# First smoked Tilapia



## slimc (May 4, 2016)

I was cleaning my offset with high heat and decided last minute to see what was in my freezer. This was at 1:30 pm. The only thing I had was 2 tilapia filets.

I brined in water, 3 TBSP of kosher salt, 1/4 tsp onion powder, 1/4 tsp garlic powder, 1 TBSP sugar

It was only in brine for 1 hr, then I patted dry and put it on a rack in my fridge to dry it for 1/2 hour.

Took it out and placed 2 TBLSP EVOO on foil, put fish on foil, 

added some kosher salt, pepper, 1/4 tsp cajun seasoning, and 1 tsp lemon juice

I cooked it higher than normal for fish because of how late I was doing this, normally I would brine longer, dry longer, cook at a lower temp, but I was behine the gun.

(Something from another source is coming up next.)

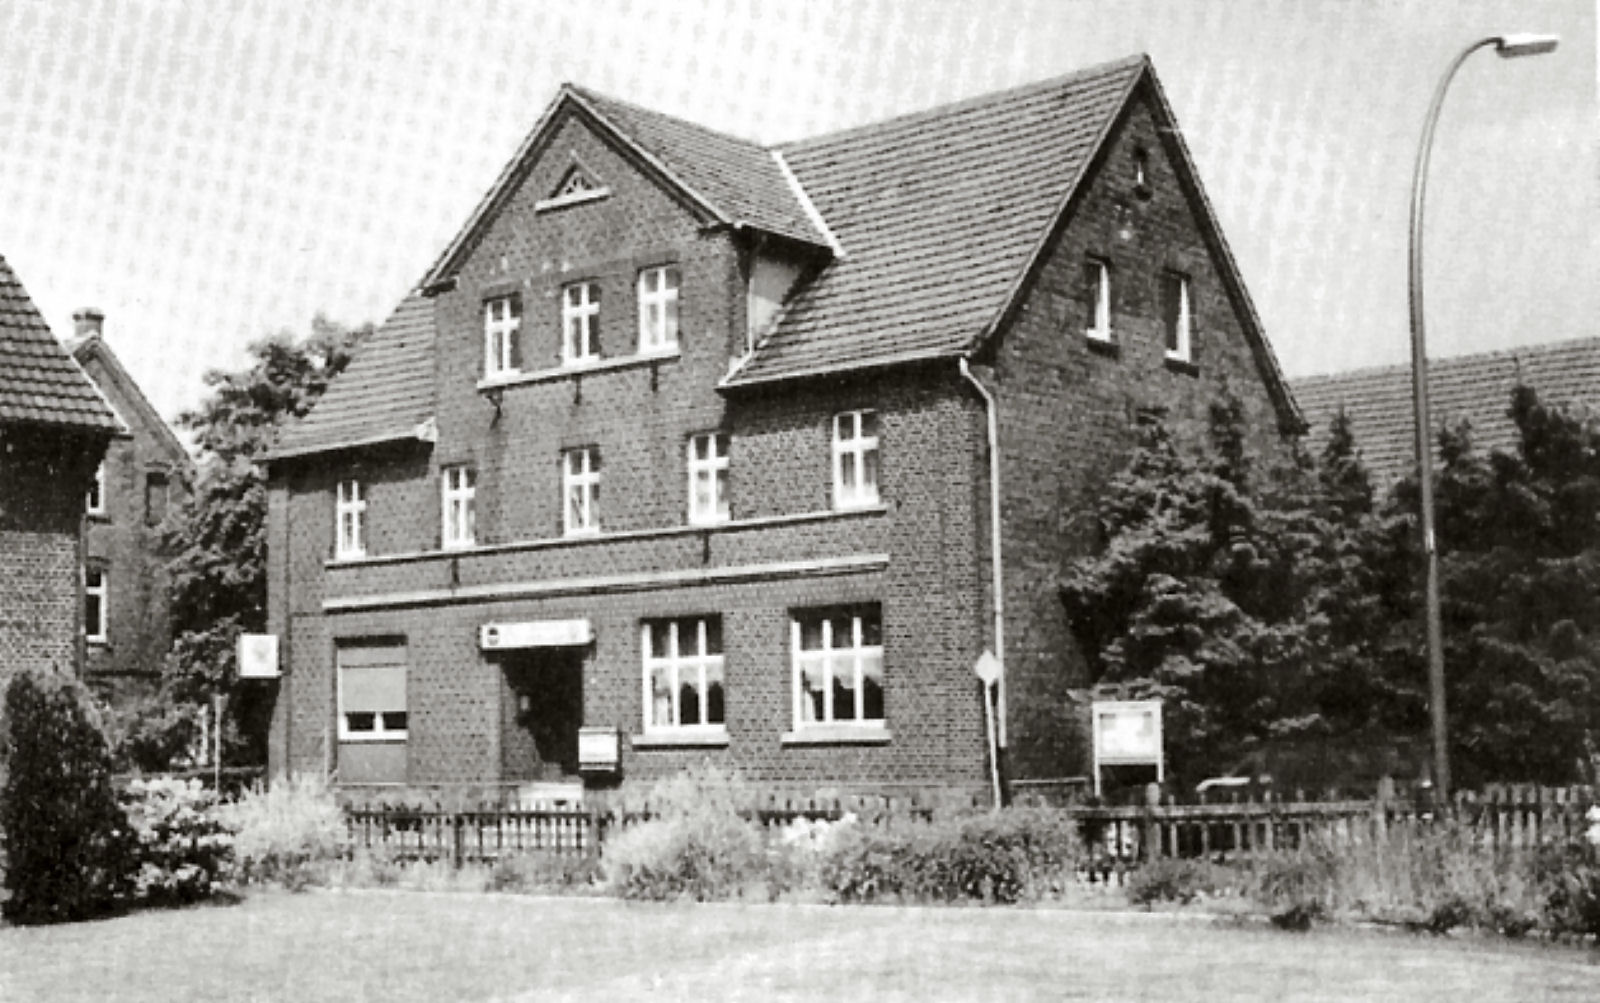 Gaststätte Stegemann, Saal, Kegelbahn, Lembeck

Dinner is in 1/2 hr I'll let you know how it tastes













IMG_4085.JPG



__ slimc
__ May 4, 2016


















IMG_4086.JPG



__ slimc
__ May 4, 2016


















IMG_4087.JPG



__ slimc
__ May 4, 2016


----------



## SmokinAl (May 5, 2016)

It sure looks good!

Al


----------



## crazymoon (May 13, 2016)

S, Looks tasty !


----------